Mae’r cyngor hwn yn berthnasol i Cymru

Bankruptcy and Individual Voluntary Arrangements (IVA) are formal, legally-binding agreements between you and your creditors. Both have to be approved by the court and your creditors have to stick to them.

There are advantages and risks to both bankruptcy and IVAs. Before choosing the best solution for you, you should find out more about each one. This page gives you an overview of when you might want to consider an IVA rather than bankruptcy.

If you owe money to people or companies in the EU

Any debts you owe people or companies in the EU might not be covered by either an IVA or bankruptcy. 

Your creditors could keep asking you for money, for example by calling you and sending you letters. 

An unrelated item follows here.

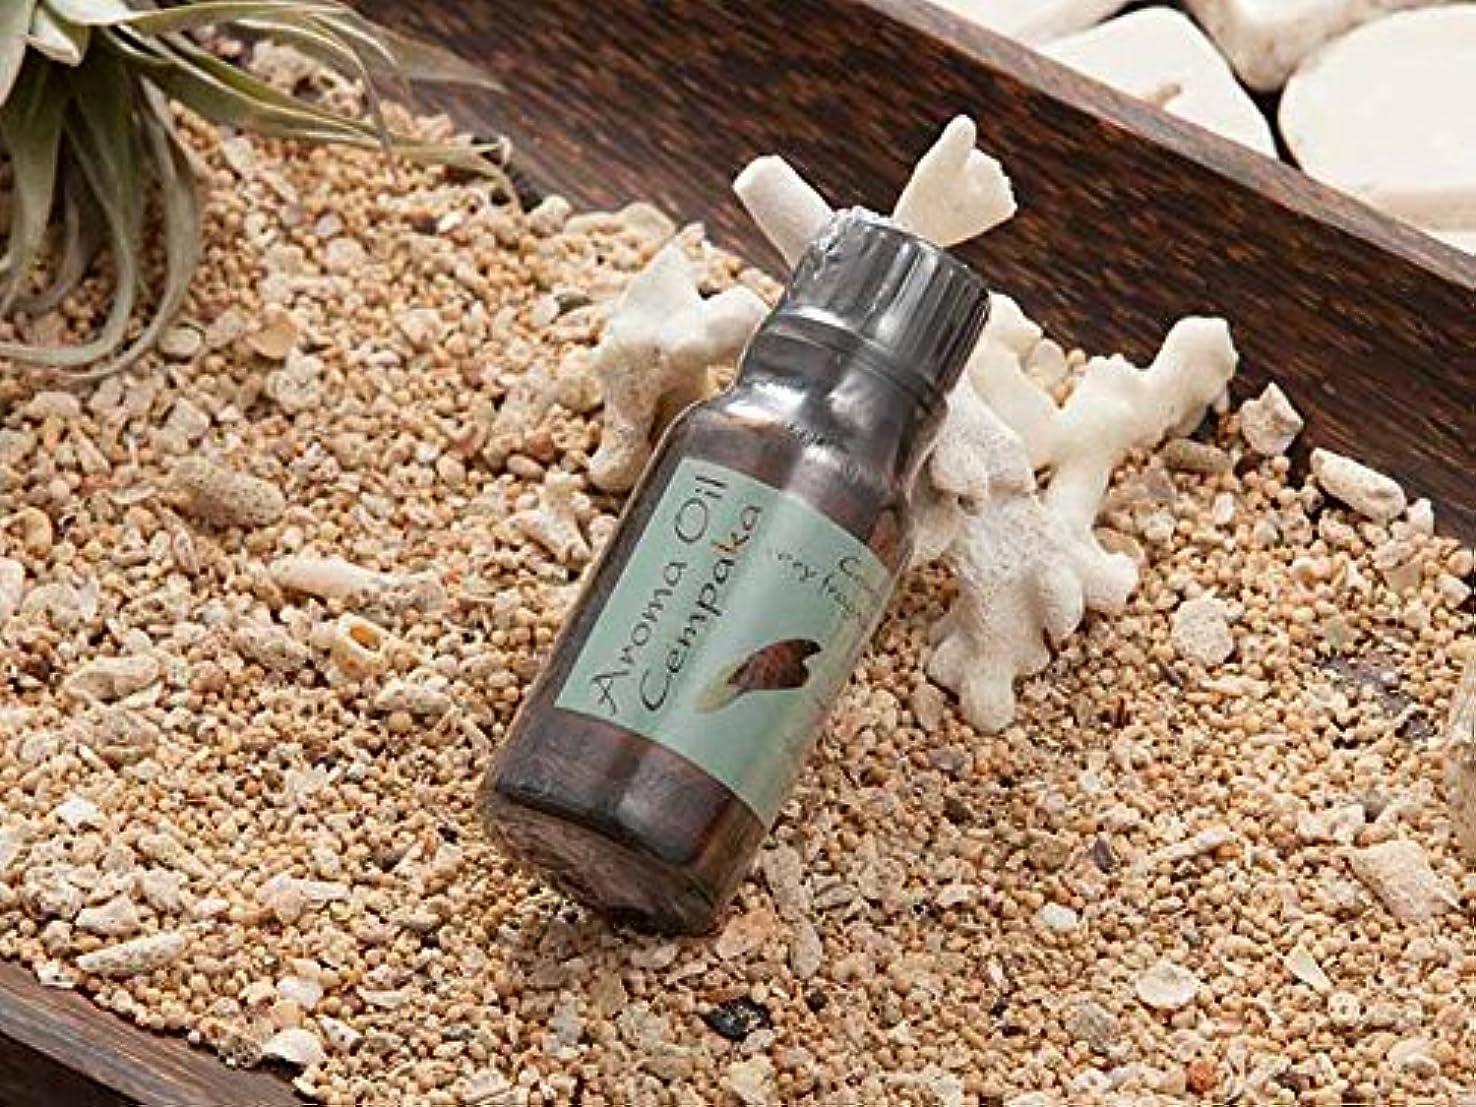 ストレンジャー年金勇敢な寛ぎのひと時にアジアンな癒しの香りを アロマフレグランスオイル 5種の香り (アラムセンポールALAM ZEMPOL) (Cempaka チャンパカ)

If you live in the EU, they could take you to court in the EU. 

EU creditors still have to sue here in the UK rather than abroad in the EU, even if they have an existing judgment. The UK will recognise EU judgements entered or started before 31 December 2020. 

If you live in the UK but have a home in the EU with a mortgage from an EU lender, the lender could take you to court in the EU. 

Get legal advice if you have creditors in the EU. Find free or affordable legal help.

When to choose an IVA

An IVA may be preferable to bankruptcy if you:

  • own a home or other assets that you don’t want to lose
  • own your own business
  • may lose your job if you go bankrupt, for example, if you are a police officer or work in the armed forces
  • have, or are considering applying for, a power of attorney on behalf of someone
  • have some spare income each month or a lump sum of money to make repayments to creditors
  • want to avoid any negative social impact.


An IVA is more flexible than bankruptcy and can be set up to fit with your personal circumstances. If you have assets such as a car or other personal possessions, it may be possible to keep these instead of using them to pay your creditors. Your insolvency practitioner will help you negotiate with your creditors to keep these outside the IVA.

Bank accounts

You can continue to use your bank account if you have an IVA. You don’t need to tell your bank about an IVA. If you go bankrupt your bank account is likely to be closed and you may find it difficult to open another bank account.

Creditor is trying to make you bankrupt

If a creditor is threatening to make you bankrupt or has started bankruptcy proceedings, you may be able to get an IVA to avoid the bankruptcy.

Risks of an IVA

It’s important to know the risks involved in an IVA. If your circumstances are likely to change in the short-term an IVA may not be suitable. If you are unable to keep up with the payments, the IVA could fail. If the IVA fails your creditors will be able to take action against you. They could make you bankrupt.

Your creditors may not agree to an IVA. If this happens, you will have to find another debt solution.

If you start IVA proceedings and it doesn’t work out, you will be in a worse financial position because you have to pay fees to your insolvency practitioner.

Benefits of bankruptcy

Under an IVA, you may have to pay more to creditors than you would do if you became bankrupt, and for a longer period.

Bankruptcy may be better for you if:

  • you don't own a home
  • you don't have any spare income to pay your creditors.